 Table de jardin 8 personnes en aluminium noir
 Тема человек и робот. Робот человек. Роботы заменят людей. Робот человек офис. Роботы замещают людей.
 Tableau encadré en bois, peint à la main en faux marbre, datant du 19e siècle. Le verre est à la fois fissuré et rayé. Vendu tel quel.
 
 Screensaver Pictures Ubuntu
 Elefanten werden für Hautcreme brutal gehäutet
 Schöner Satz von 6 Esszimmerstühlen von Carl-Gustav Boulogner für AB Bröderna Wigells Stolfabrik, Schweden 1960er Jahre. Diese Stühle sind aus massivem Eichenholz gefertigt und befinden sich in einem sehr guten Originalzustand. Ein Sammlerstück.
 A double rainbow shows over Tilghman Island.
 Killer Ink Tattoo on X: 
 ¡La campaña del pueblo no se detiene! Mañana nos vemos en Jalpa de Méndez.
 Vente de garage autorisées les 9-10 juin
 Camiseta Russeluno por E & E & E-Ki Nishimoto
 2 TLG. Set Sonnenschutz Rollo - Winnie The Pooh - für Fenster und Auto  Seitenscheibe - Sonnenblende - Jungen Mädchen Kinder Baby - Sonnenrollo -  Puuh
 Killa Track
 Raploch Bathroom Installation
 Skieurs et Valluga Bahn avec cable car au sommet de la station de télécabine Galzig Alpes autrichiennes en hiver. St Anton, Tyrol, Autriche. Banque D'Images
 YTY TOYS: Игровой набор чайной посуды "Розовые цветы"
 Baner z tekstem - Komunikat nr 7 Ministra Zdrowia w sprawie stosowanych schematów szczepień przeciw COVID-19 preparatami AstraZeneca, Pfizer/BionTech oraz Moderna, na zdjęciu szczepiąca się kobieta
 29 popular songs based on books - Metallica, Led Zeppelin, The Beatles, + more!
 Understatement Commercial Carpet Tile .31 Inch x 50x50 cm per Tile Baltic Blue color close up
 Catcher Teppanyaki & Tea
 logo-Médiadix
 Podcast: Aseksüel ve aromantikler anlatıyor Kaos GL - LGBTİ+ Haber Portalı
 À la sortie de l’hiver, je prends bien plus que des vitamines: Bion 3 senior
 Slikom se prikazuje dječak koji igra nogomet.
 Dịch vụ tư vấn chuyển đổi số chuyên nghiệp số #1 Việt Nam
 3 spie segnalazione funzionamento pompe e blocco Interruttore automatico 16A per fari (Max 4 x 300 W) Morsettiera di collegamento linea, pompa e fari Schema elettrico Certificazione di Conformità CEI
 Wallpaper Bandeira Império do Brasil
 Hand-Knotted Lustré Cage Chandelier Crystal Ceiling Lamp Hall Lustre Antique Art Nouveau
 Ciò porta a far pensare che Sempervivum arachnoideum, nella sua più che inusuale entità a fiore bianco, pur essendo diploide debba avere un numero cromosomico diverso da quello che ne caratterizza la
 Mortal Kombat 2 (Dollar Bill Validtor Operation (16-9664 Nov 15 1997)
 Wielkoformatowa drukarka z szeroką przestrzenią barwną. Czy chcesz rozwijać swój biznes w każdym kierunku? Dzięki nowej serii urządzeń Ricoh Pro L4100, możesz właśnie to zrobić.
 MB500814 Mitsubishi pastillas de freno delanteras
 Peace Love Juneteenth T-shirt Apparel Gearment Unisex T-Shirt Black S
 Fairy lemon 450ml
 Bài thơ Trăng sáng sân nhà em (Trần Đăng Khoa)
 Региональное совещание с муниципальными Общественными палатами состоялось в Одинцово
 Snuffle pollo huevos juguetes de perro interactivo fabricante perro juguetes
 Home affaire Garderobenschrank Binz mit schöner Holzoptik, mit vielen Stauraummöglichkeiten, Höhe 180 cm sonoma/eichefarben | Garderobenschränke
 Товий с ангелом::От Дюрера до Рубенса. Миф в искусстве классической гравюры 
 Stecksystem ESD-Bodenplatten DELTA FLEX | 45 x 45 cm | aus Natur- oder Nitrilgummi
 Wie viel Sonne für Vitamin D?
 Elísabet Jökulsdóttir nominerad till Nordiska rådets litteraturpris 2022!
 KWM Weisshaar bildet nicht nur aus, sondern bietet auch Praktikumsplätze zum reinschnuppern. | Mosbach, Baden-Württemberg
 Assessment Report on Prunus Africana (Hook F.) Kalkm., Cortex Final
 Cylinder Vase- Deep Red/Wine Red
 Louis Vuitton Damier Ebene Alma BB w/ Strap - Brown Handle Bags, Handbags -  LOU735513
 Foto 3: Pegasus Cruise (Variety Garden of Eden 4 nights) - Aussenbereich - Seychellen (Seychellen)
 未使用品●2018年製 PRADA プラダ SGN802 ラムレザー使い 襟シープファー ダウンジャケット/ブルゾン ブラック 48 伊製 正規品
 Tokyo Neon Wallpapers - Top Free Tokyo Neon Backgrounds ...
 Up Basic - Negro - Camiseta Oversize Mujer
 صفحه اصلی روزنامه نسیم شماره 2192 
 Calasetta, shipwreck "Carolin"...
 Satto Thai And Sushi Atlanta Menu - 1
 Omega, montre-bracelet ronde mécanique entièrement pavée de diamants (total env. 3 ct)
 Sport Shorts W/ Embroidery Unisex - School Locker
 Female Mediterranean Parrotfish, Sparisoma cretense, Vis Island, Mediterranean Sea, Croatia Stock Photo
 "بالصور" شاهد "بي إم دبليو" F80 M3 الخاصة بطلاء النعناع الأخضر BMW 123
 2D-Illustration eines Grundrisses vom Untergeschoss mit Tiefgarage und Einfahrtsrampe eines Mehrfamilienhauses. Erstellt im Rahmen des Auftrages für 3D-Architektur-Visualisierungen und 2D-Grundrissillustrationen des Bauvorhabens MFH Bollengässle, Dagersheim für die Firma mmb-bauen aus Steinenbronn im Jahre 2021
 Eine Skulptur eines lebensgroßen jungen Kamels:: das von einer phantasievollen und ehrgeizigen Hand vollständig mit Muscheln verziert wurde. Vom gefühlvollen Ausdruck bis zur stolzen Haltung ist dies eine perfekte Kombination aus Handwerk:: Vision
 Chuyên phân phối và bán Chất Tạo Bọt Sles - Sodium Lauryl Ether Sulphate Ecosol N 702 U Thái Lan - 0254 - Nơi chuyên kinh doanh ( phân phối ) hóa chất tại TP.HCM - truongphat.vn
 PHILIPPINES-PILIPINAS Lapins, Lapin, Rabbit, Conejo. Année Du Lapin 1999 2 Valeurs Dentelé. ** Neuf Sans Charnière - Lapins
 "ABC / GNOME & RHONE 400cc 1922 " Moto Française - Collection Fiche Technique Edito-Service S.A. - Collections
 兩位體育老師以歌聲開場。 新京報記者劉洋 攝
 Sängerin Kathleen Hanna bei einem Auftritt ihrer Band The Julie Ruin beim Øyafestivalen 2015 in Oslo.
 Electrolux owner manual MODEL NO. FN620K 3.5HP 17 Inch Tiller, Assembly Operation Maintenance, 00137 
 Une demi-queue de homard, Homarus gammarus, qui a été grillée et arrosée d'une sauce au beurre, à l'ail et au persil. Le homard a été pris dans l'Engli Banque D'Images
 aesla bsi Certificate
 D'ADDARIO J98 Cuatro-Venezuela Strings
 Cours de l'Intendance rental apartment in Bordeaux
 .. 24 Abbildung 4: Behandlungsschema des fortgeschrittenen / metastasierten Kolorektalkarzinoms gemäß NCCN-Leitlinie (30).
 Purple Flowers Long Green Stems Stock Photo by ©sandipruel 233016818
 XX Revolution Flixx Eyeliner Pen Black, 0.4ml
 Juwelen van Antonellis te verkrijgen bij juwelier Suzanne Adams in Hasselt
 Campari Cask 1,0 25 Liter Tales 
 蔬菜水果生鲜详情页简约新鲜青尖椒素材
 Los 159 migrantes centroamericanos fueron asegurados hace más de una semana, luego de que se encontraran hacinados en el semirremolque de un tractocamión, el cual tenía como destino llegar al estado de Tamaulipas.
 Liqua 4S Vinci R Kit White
_ _ _ _ _ _ _
Problem requirements:
Start at the line holding "aesla bsi Certificate" and retype each line through the end of the material above, both included.

Written solution:
 aesla bsi Certificate
 D'ADDARIO J98 Cuatro-Venezuela Strings
 Cours de l'Intendance rental apartment in Bordeaux
 .. 24 Abbildung 4: Behandlungsschema des fortgeschrittenen / metastasierten Kolorektalkarzinoms gemäß NCCN-Leitlinie (30).
 Purple Flowers Long Green Stems Stock Photo by ©sandipruel 233016818
 XX Revolution Flixx Eyeliner Pen Black, 0.4ml
 Juwelen van Antonellis te verkrijgen bij juwelier Suzanne Adams in Hasselt
 Campari Cask 1,0 25 Liter Tales 
 蔬菜水果生鲜详情页简约新鲜青尖椒素材
 Los 159 migrantes centroamericanos fueron asegurados hace más de una semana, luego de que se encontraran hacinados en el semirremolque de un tractocamión, el cual tenía como destino llegar al estado de Tamaulipas.
 Liqua 4S Vinci R Kit White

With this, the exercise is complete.